I was reminded of Evelyn Waugh’s fantasy of the ideal meal which was to have a sequence of exquisite dishes passed beneath one’s nose and then taken away. Because the pleasure lay not in the grossness of consumption but in the suggestiveness of expectation, in the hope of transcendence.
There are many good things to eat and drink in this world and they are to be enjoyed. I myself wrote recently in celebration of cherries from Central. I may have laid it on a bit thick, but I never claimed they are transcendent things. No things are transcendent things. The search for edible transcendence is like the search for god.

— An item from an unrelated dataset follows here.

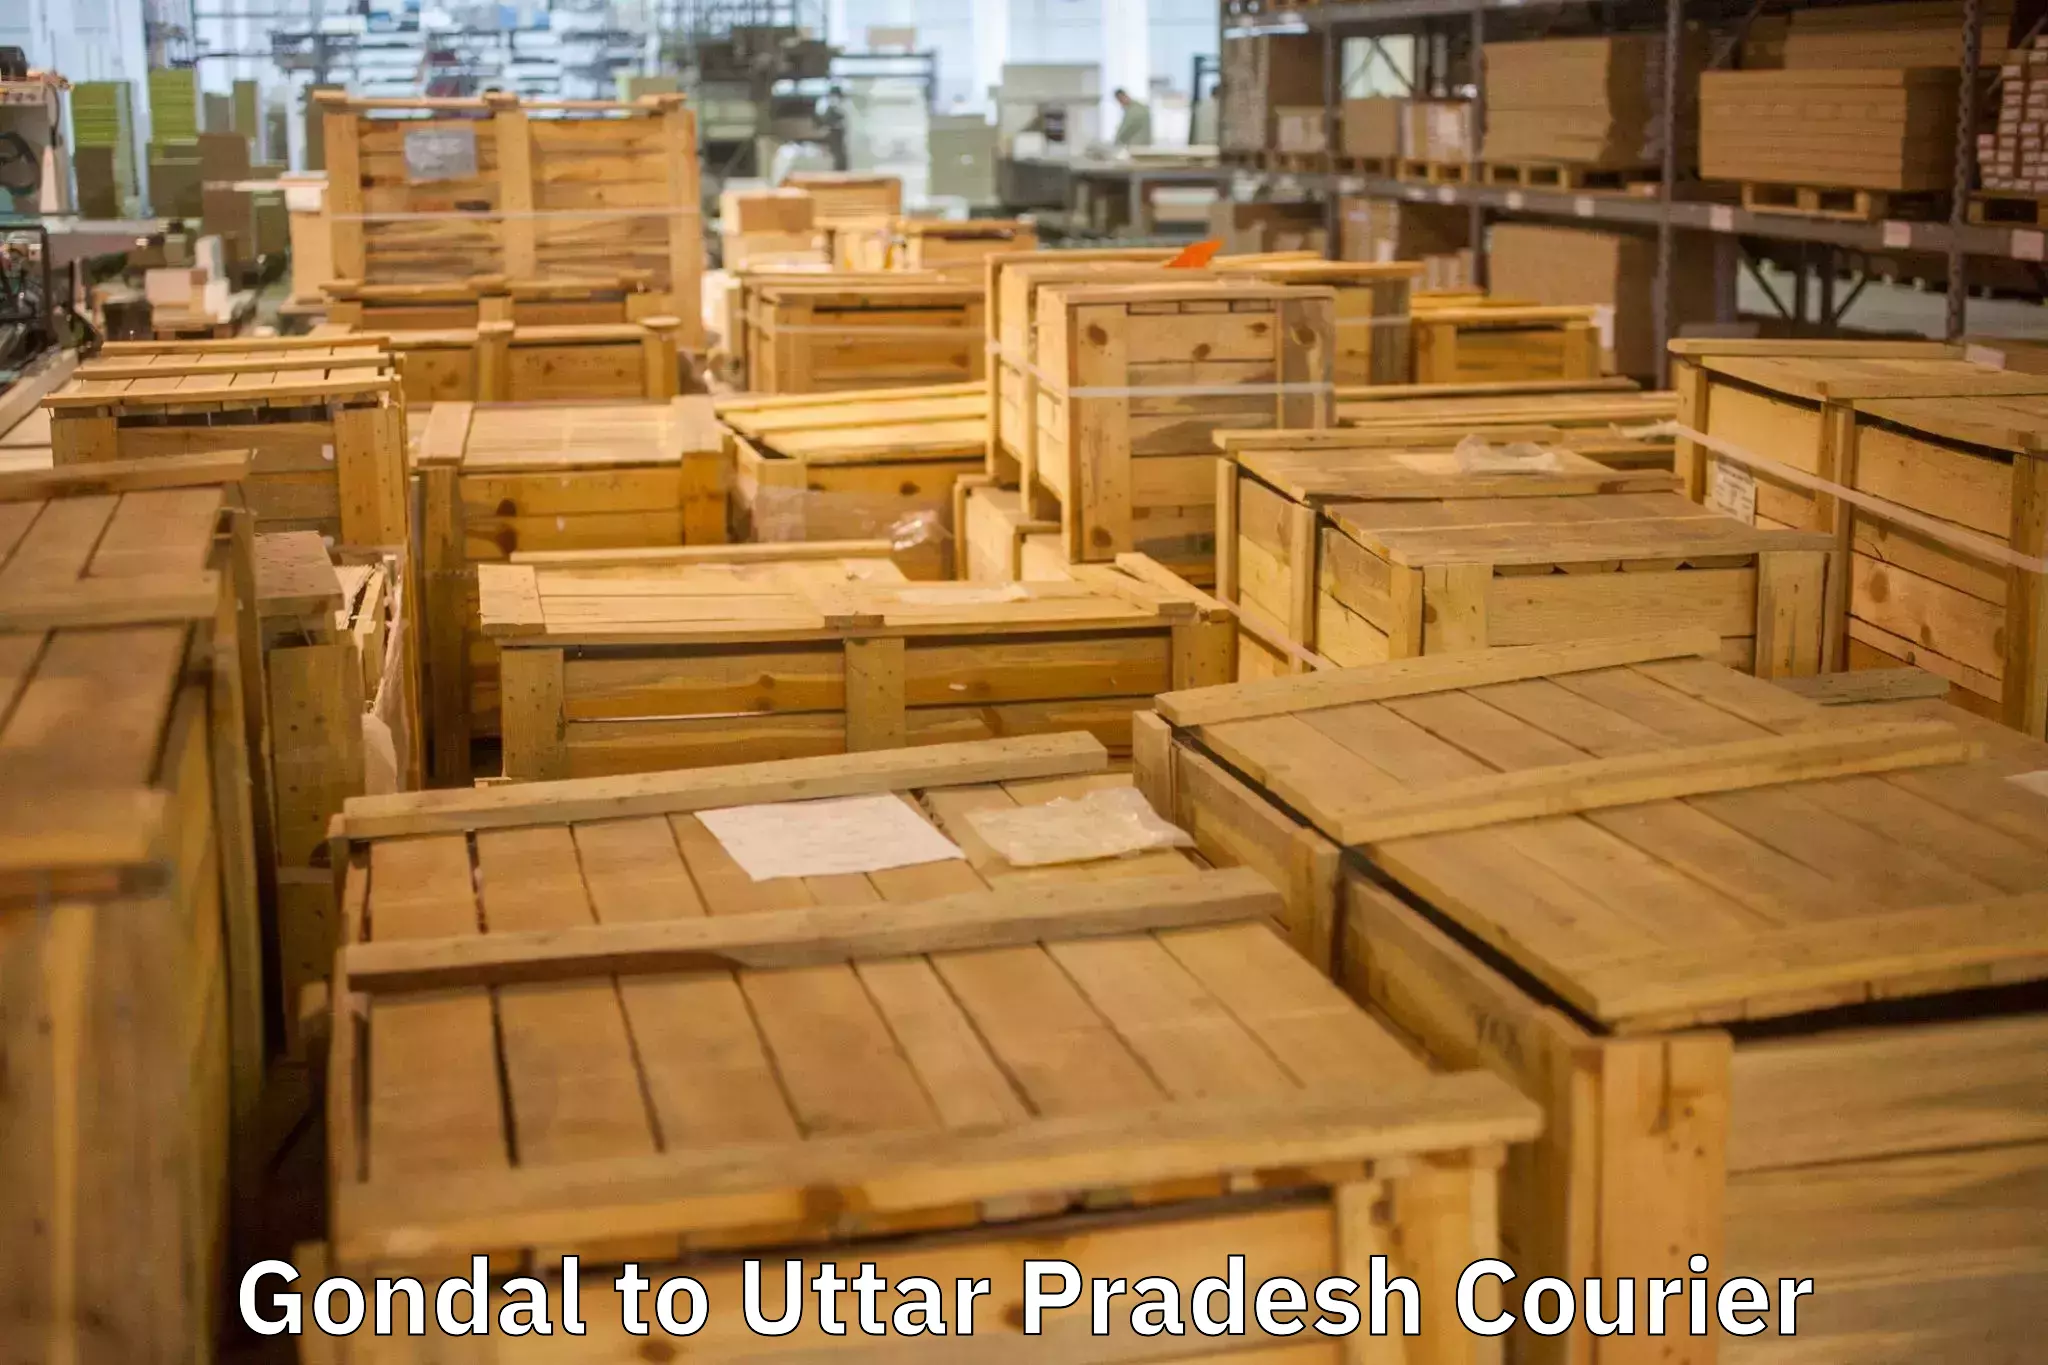 Quality moving company Gondal to Vrindavan

Some years ago I was given a bottle of impossibly expensive wine. I kept it on a high shelf, took it down occasionally for people to coo at, but found no occasion that justified its consumption. Eventually, I tired of its immanence and took it along to dinner with friends. I announced it on arrival. This wine is god, I said. And everyone went ooh and ahhh and someone suggested we do a blind tasting. The sole non-drinker, a pregnant woman, took god and four other bottles to the kitchen and poured them into five identical glasses and called them a b c d and e. One by one we trooped into the kitchen to taste them all and rank them. God was b. When the results were totted up, god came fourth out of five.